Testing should be a straightforward extension of existing unit tests. We basically need to add tests to ensure that:

  1. When a virtual interrupt object is created, the ZX_VIRTUAL_INTERRUPT_UNTRIGGERED signal is initially asserted.
  2. The signal is cleared in response to a call to zx_interrupt_trigger.
  3. The signal is set in response to a call to zx_interrupt_ack.
  4. The signal properly implements "strobe" behavior when it is acknowledged while there exists another pending IRQ.

Documentation

Documentation for virtual interrupt objects will be updated to describe the new signal, state that it is only used with virtual interrupt objects, and summarize the behavior rules stated above (initially asserted, cleared on trigger, set on ack, strobe on pending ack).

Drawbacks, alternatives, and unknowns

There are no know significant drawbacks to this approach. User requirements are satisfied. Implementation and testing should be simple, and low risk.

A number of alternative proposals have been discussed by the Zircon driver team, but all of them possess the same drawback. Driver consumers of Virtual Interrupts must become explicitly aware of the fact that they are using a Virtual interrupt, and then explicitly participate in some user-level defined protocol to signal acknowledgment to the interrupt producer.

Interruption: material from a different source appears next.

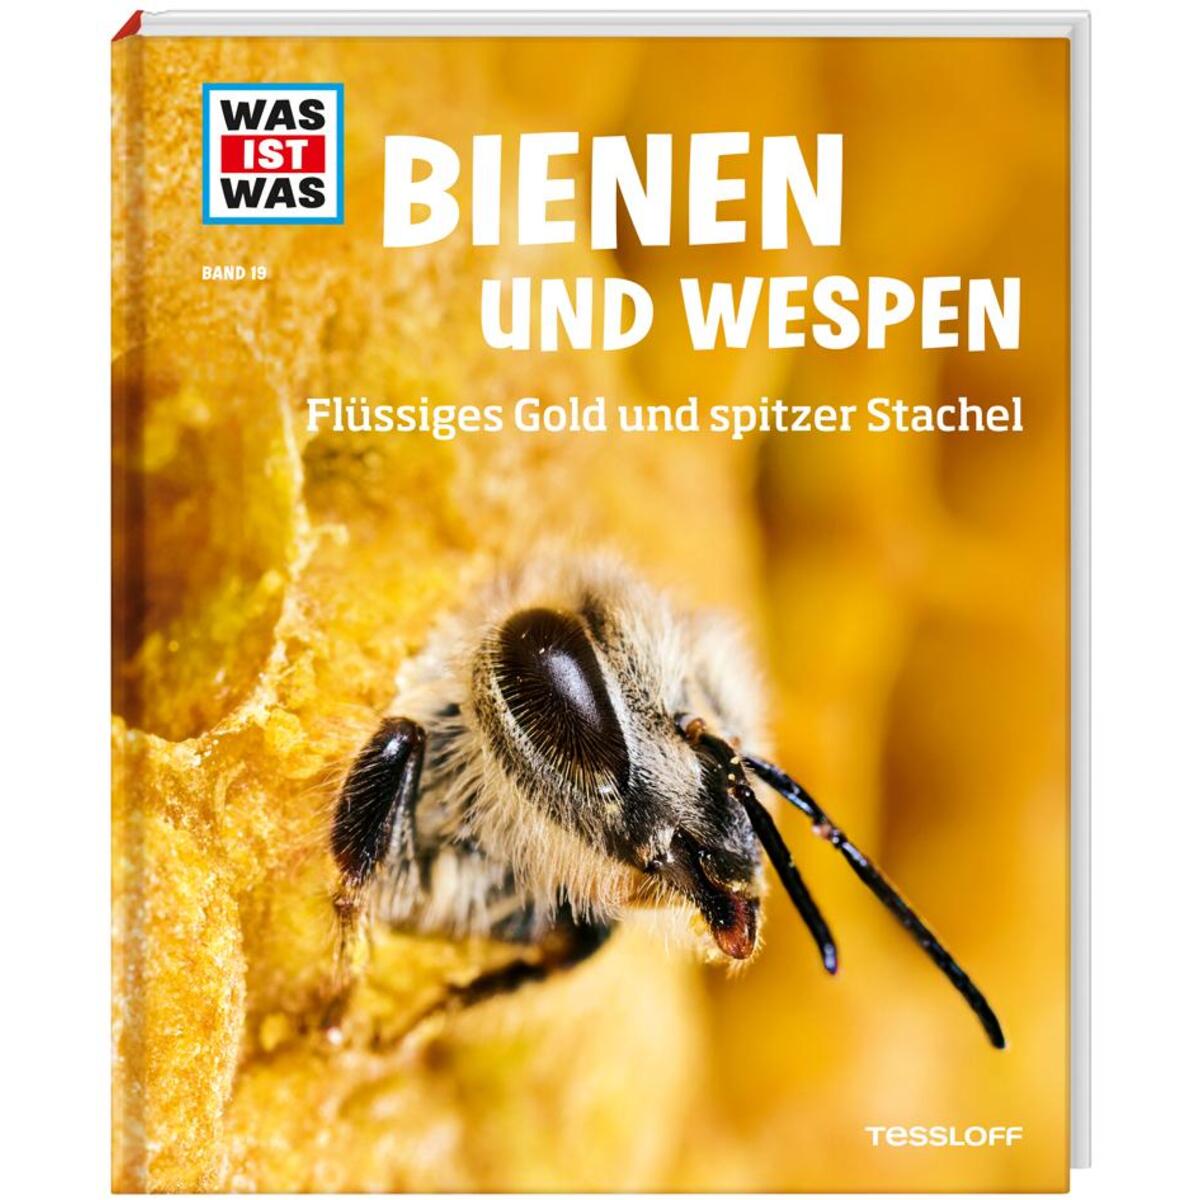 WAS IST WAS Band 19 Bienen und Wespen. Flüssiges Gold und spitzer Stachel von Tessloff Verlag
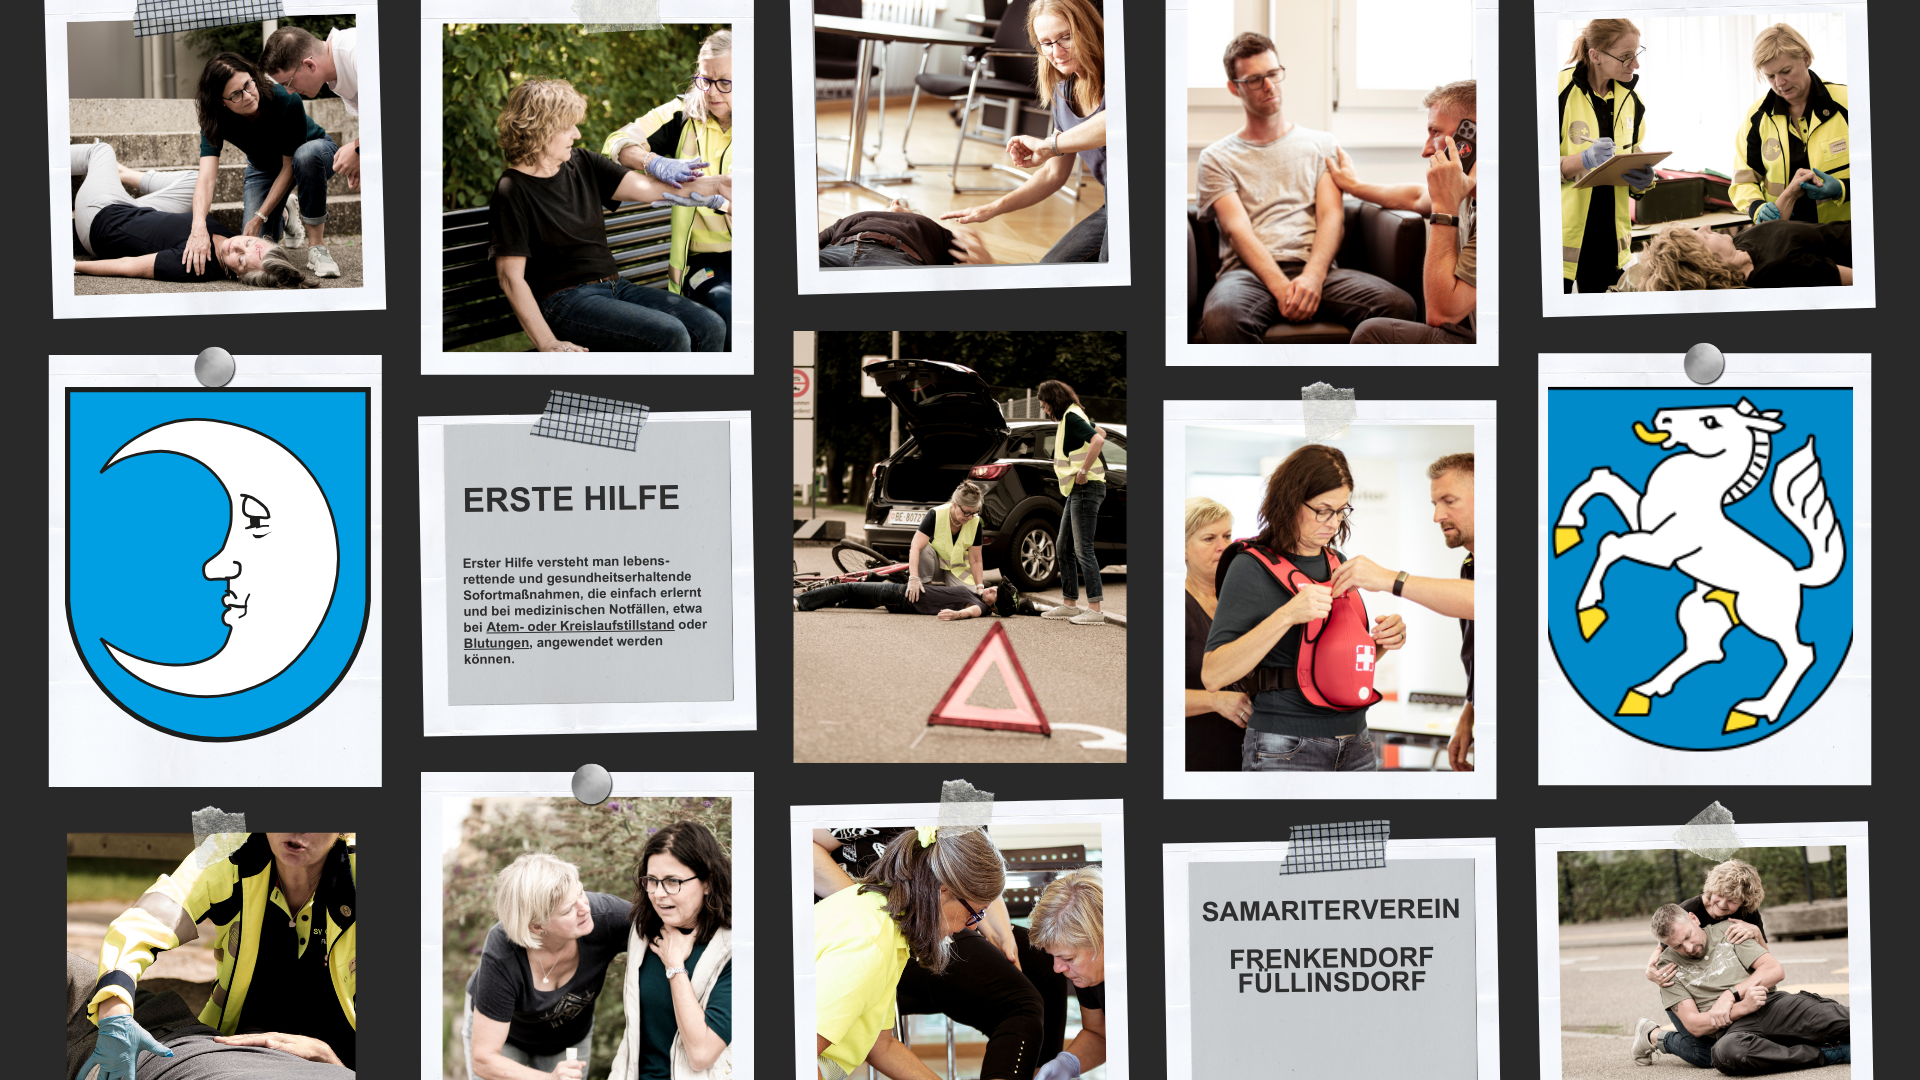 Bild auf der Startseite Samariter-ff.ch

While all of these approaches are possible, they seem undesirable. They add a significant extra burden on driver authors to participate in whatever protocol has been defined when a virtual interrupt is being used, and to behave differently in the case that a physical interrupt is being used. Additionally, there is already a pre-existing population of drivers which would need to be updated to use the new protocol, something which could be skipped entirely if the kernel handled the ack signal in a transparent fashion.

No matter what protocol gets implemented, it would be implemented entirely in user-mode, introducing the need to carefully consider trust issues stemming from potentially malicious actors. Making the signaling mechanism mediated by the Zircon kernel helps to simplify the analysis here.

Finally, users of Zircon interrupts already have to acknowledge their interrupts (either implicitly or explicitly). It is difficult imagine how any extra out-of-band ack protocol could end up being as efficient as simply manipulating the signal bits of a kernel object at the time that the existing ack'ing takes place.